An energy conservation argument tells you nothing unless you know there is nothing else the energy is going to.

I came back to this problem a few years later, and I finally figured out what was wrong.

First of all, the Poynting vectors are indeed conserved across the boundary (placed at $$z = 0$$), but you cannot use the $$\vec{S}_{1i}$$ and $$\vec{S}_{1r}$$ vectors independently in the energy conservation equation. This is because there is interference between the incident and reflected waves, which causes a standing wave pattern in medium 1, whose average intensity is position-dependent.

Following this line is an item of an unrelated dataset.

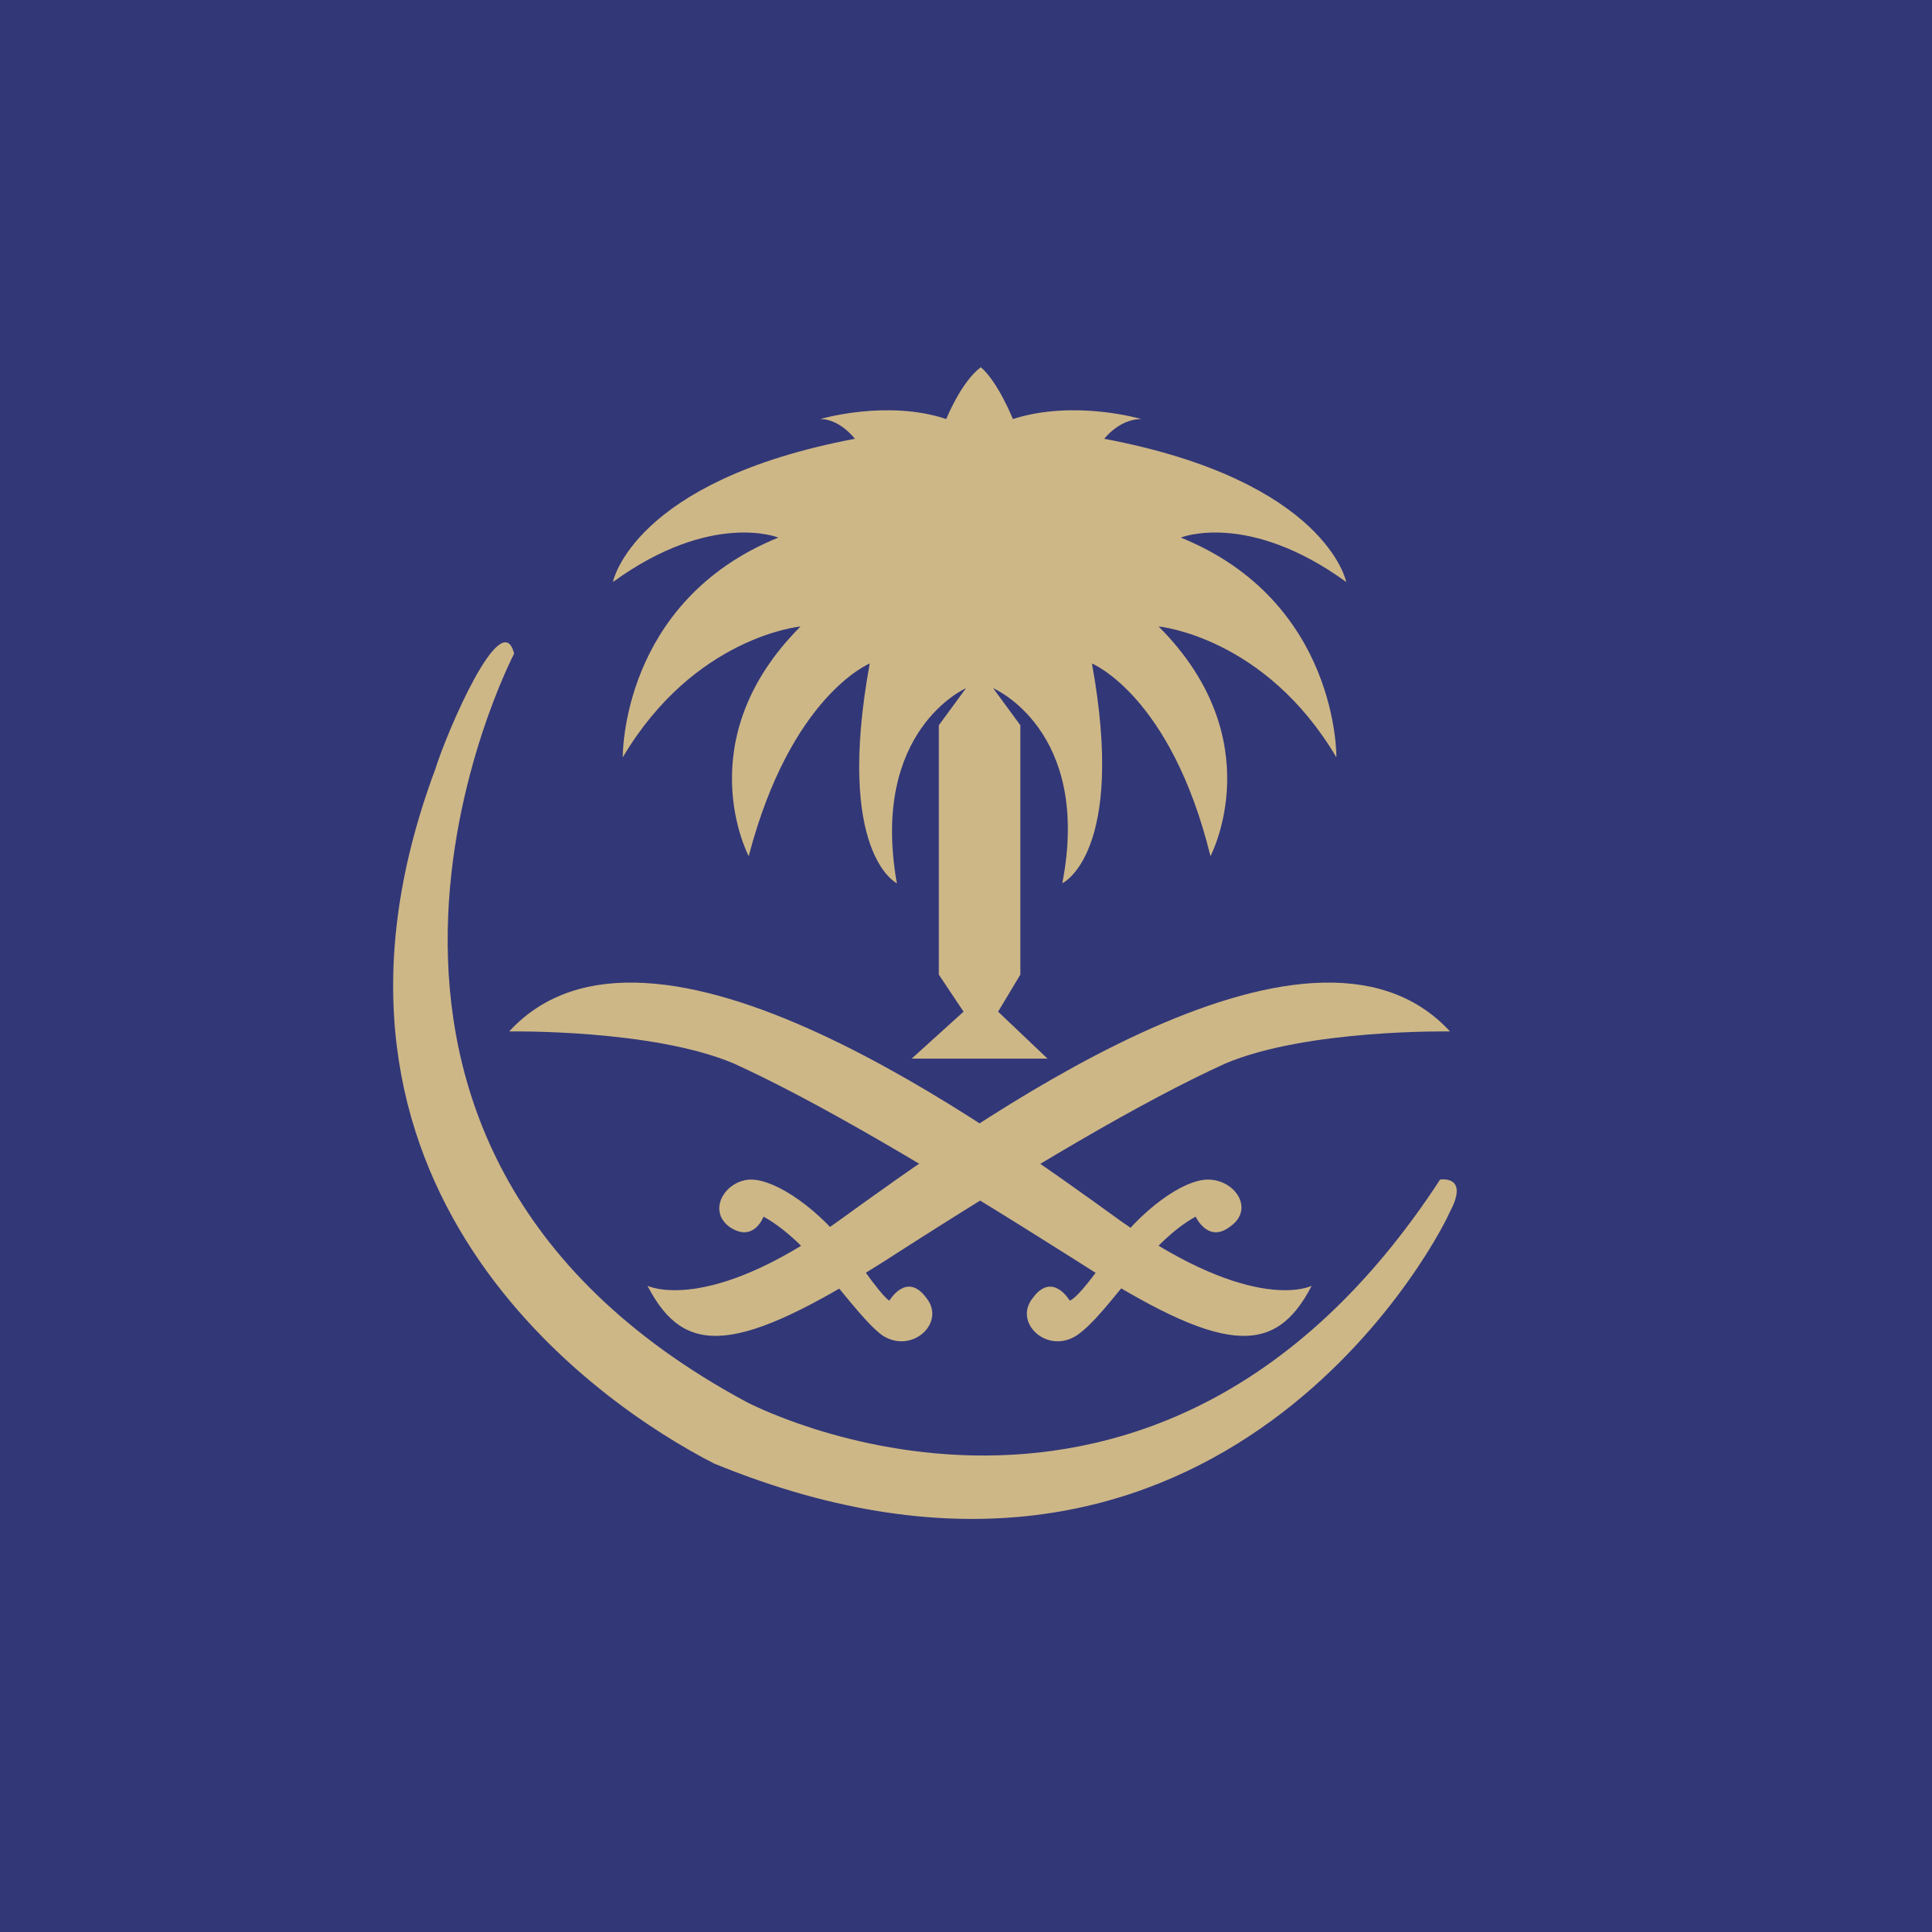 Saudi Logo - Saudi Arabian Airlines Logo PNG Transparent & SVG Vector - Freebie ...

In general, interference effects cause the intensity of the sum of two waves to be different from the sum of the intensities of the two waves. The interference means that you cannot simply say $$\langle S_{1i}\rangle = \langle S_{1r}\rangle + \langle S_2\rangle$$ or $$(1 - |\Gamma|^2)\langle S_{1i}\rangle = \langle S_2\rangle$$

Let $$\vec{S}_1$$ be the total Poynting vector in medium 1, and $$\vec{S}_2$$ the same for medium 2.

By definition, $$\vec{S}_1 = \vec{E}_1 \times \vec{H}_1$$ where $$\vec{E}_1$$, $$\vec{H}_1$$ are the total electric and magnetic fields in medium 1. Assuming the interface between medium 1 and 2 has no current sheets ($$\vec{K}_s = \vec{0}$$), then the boundary conditions imply that $$\vec{E}_1 = \vec{E}_2$$ and $$\vec{H}_1 = \vec{H}_2$$. Therefore we clearly must also have $$\vec{S}_2 = \vec{S}_1$$, and intensity is conserved across the interface (at $$z = 0$$).

This means we should still be able to say that $$\langle S_1\rangle = \langle S_2\rangle$$ (at $$z = 0$$, again). So how do we correctly find $$\langle S_1\rangle$$ given $$\langle S_{1i}\rangle$$?

The incident wave in medium 1 propagates in the $$\hat{z}$$ direction, with $$\vec{E}_{1i}$$ in $$\hat{x}$$ and $$\vec{H}_{1i}$$ in $$\hat{y}$$. Moreover, in phasor form we know that $$\mathbf{H}_{1i} = \frac{\mathbf{E}_{1i}}{\eta_1}$$

The reflected wave in medium 1 propagates in the $$-\hat{z}$$ direction, with $$\vec{E}_{1r}$$ again in $$\hat{x}$$. This implies $$\vec{H}_{1r}$$ is in $$-\hat{y}$$, because the direction of the wave has been flipped. In phasor form, we thus have $$\mathbf{H}_{1r} = -\frac{\mathbf{E}_{1r}}{\eta_1}$$. In addition, we know that $$\mathbf{E}_{1r} = \Gamma\mathbf{E}_{1i}$$, and hence $$\mathbf{H}_{1r} = -\Gamma\mathbf{H}_{1i}$$.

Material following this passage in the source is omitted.